SECURITIES AND EXCHANGE COMMISSION

WASHINGTON, D.C. 20549

 

 

FORM 8-K

 

 

CURRENT REPORT

Pursuant to Section 13 or 15(d)

of the Securities Exchange Act of 1934

Date of Report (Date of earliest event reported): June 16, 2024

 

 

Assembly Biosciences, Inc.

(Exact name of Registrant as Specified in Its Charter)

 

 

 

Delaware   001-35005   20-8729264

(State or Other Jurisdiction

of Incorporation)

 

(Commission

File Number)

 

(IRS Employer

Identification No.)

 

Two Tower Place, 7th Floor,

South San Francisco, California

    94080
(Address of Principal Executive Offices)     (Zip Code)

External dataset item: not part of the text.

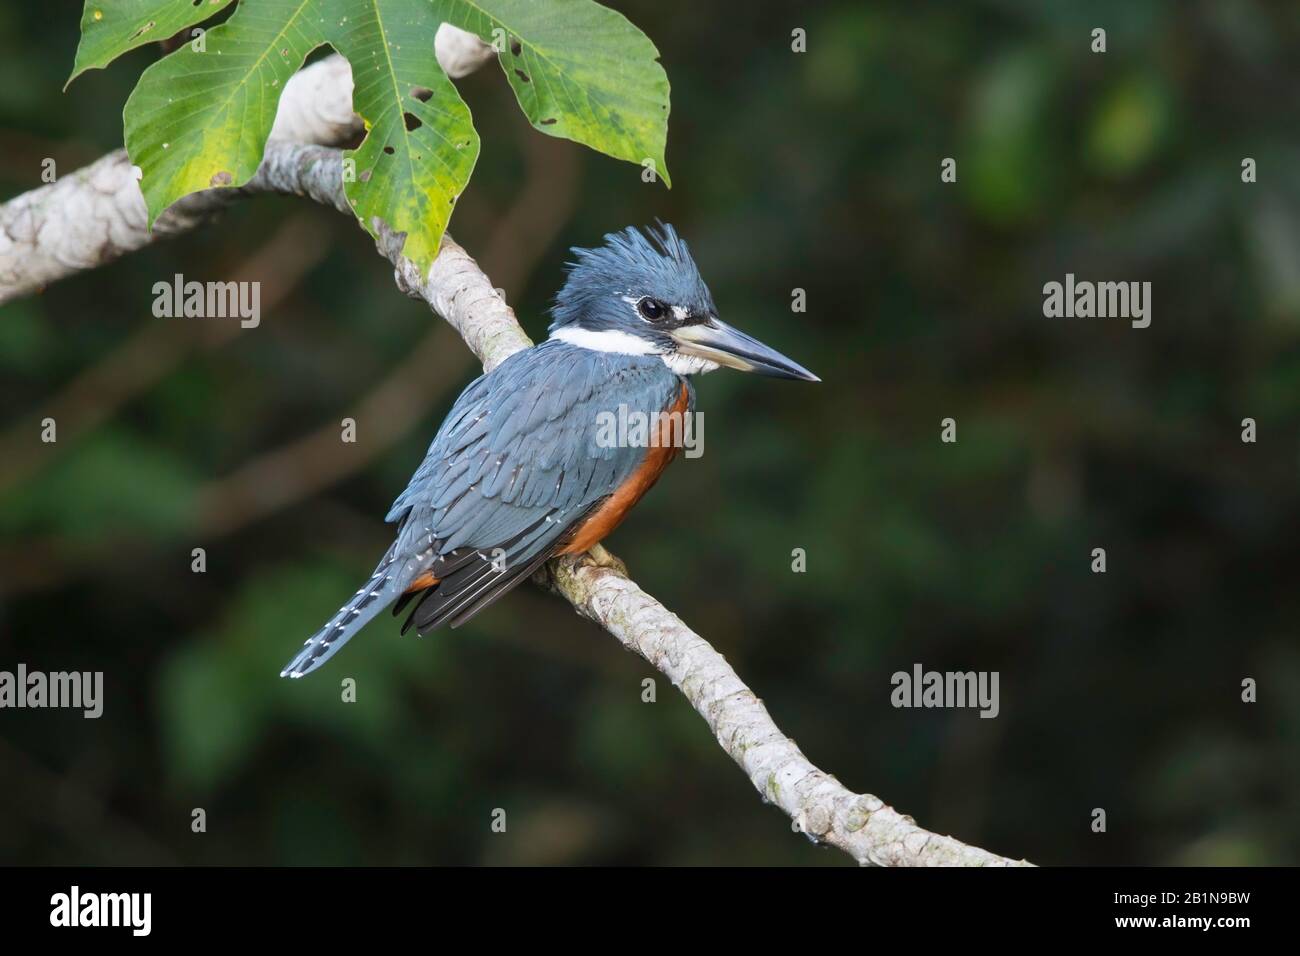 ringed kingfisher (Megaceryle torquata), on a branch, South America Stock Photo

Registrant’s Telephone Number, Including Area Code: (833) 509-4583

Not Applicable

(Former Name or Former Address, if Changed Since Last Report)

 

 

Check the appropriate box below if the Form 8-K filing is intended to simultaneously satisfy the filing obligation of the registrant under any of the following provisions:

 

Written communications pursuant to Rule 425 under the Securities Act (17 CFR 230.425)

 

Soliciting material pursuant to Rule 14a-12 under the Exchange Act (17 CFR 240.14a-12)

 

Pre-commencement communications pursuant to Rule 14d-2(b) under the Exchange Act (17 CFR 240.14d-2(b))

 

Pre-commencement communications pursuant to Rule 13e-4(c) under the Exchange Act (17 CFR 240.13e-4(c))

Securities registered pursuant to Section 12(b) of the Act:

 

Title of each class

 

Trading

Symbol(s)

 

Name of each exchange

on which registered

Common Stock, par value $0.001   ASMB   The Nasdaq Global Select Market

Indicate by check mark whether the registrant is an emerging growth company as defined in Rule 405 of the Securities Act of 1933 (§ 230.405 of this chapter) or Rule 12b-2 of the Securities Exchange Act of 1934 (§ 240.12b-2 of this chapter).

Emerging growth company 

If an emerging growth company, indicate by check mark if the registrant has elected not to use the extended transition period for complying with any new or revised financial accounting standards provided pursuant to Section 13(a) of the Exchange Act. ☐

 

 

 


Item 1.01

Entry into a Material Definitive Agreement.

Equity Financing

Registered Direct Offering

On June 16, 2024, Assembly Biosciences, Inc. (the “Company”) entered into a Securities Purchase Agreement (the “Investor Purchase Agreement”) with a certain investor identified on the signature pages thereto (the “Purchaser”) for the issuance and sale, in a registered direct offering (the “Registered Direct Offering”), of 634,500 shares of the Company’s common stock, par value $0.001 per share (the “Registered Shares”) and a warrant to purchase up to 634,500 shares of common stock the (“Registered Warrant” and together with the Registered Shares, the “Registered Securities”). The Registered Securities were sold at a combined offering price of $15.46.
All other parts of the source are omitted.